A threshold of 33% was used to designate a DA as high-percentage Aboriginal identity.10 For high-percentage Inuit identity areas, the 33% cut-off results in the selection of DAs with an average of 93% Aboriginal identity residents younger than age 20 (Appendix Table A). For high-percentage First Nations and Métis identity areas, the 33% cut-off results in the selection of DAs with 86% and 67% Aboriginal identity residents younger than age 20.19 (A higher cut-point would have resulted in a substantial loss of high-percentage Métis identity areas.) Consequently, the findings are not representative of the First Nations, Métis, or Inuit identity populations in Canada.

Table A Demographic and socio-economic census characteristics, by Aboriginal identity group in Dissemination Area, Canada (excluding Quebec), 2001Table A Demographic and socio-economic census characteristics, by Aboriginal identity group in Dissemination Area, Canada (excluding Quebec), 2001

High-percentage First Nations, Métis, and Inuit identity areas defined in this study differ in urban/rural location, population size, and socio-economic characteristics—all factors that have been associated with injury rates.19,20 For example, 100% of the population living in high-percentage Inuit identity DAs were in weak or non-Metropolitan-Influenced zones, compared with 8% of the population in low-percentage Aboriginal identity DAs (Appendix Table A). Similarly, 27% of the population in high-percentage Inuit identity DAs lived in crowded dwellings, compared with 3% of the population in low-percentage Aboriginal identity areas. Also, information about individual and family characteristics such as income, education, and individual behaviours that may influence injury risk was not available on hospital records.
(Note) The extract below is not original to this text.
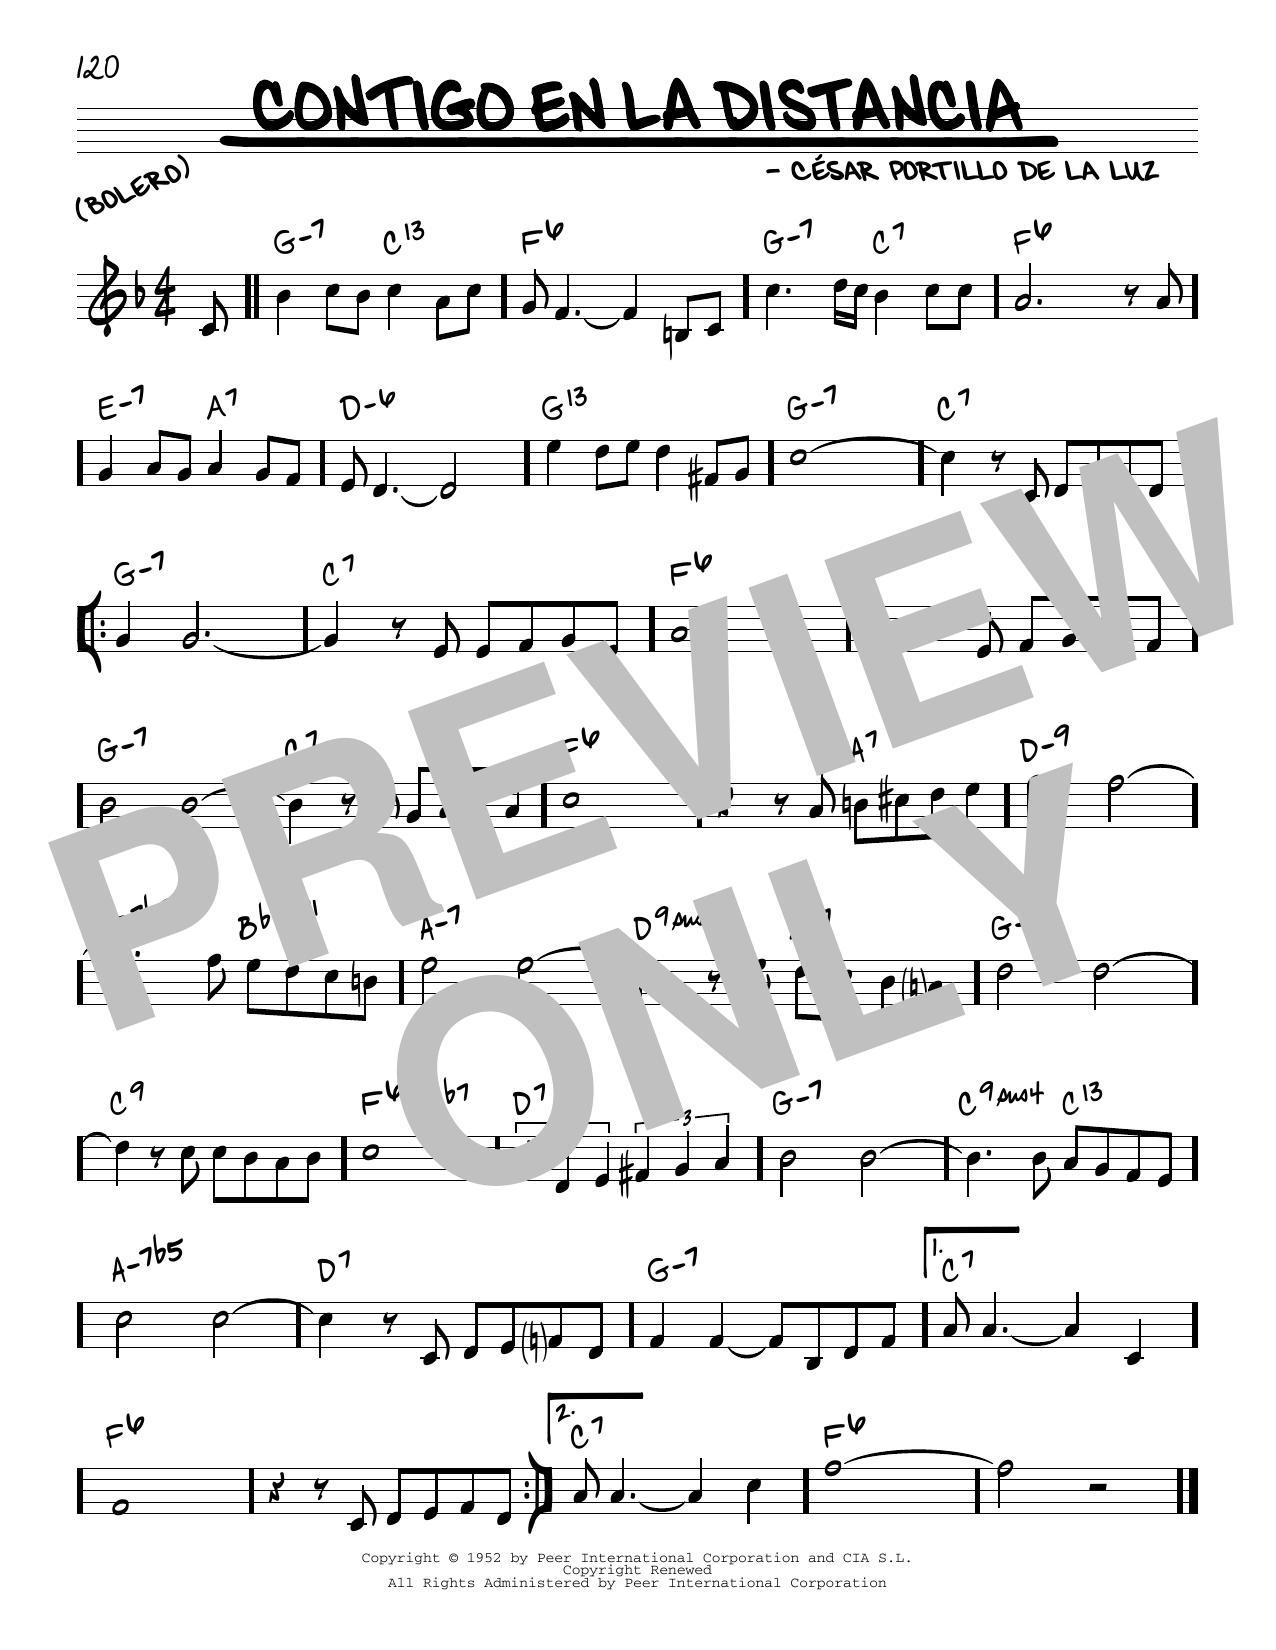 Olga Guillot Contigo En La Distancia sheet music notes and chords. Download Printable PDF.

Previous research has found that injuries sustained among First Nations populations tend to be more severe.8,12 Although the injuries included in this analysis were serious enough to result in hospitalization, the severity of those injuries was not assessed. And of course, injuries so severe that they resulted in death before hospital admission were not included in this analysis.

The results do not represent the entire country. Incomplete postal code information for Quebec meant that the province had to be excluded from the study.

Finally, counts for some causes of injury for some Aboriginal identity groups were small.

Conclusion

Elevated rates of unintentional injury hospitalization among children and youth in high-percentage Aboriginal identity areas, compared with those in low-percentage Aboriginal identity areas, prevailed for all causes of injury examined in this analysis. While falls and land transportation injury hospitalizations were the most common, regardless of Aboriginal identity status, disparities between hospitalization rates for high- and low-percentage Aboriginal identity areas were often greatest for less frequent causes such as fire, natural/environmental causes, and drowning/suffocation. The extent of the difference in unintentional injury hospitalizations between high- and low-percentage Aboriginal identity areas varied, depending on whether the comparison was with high-percentage First Nations, Métis or Inuit identity areas.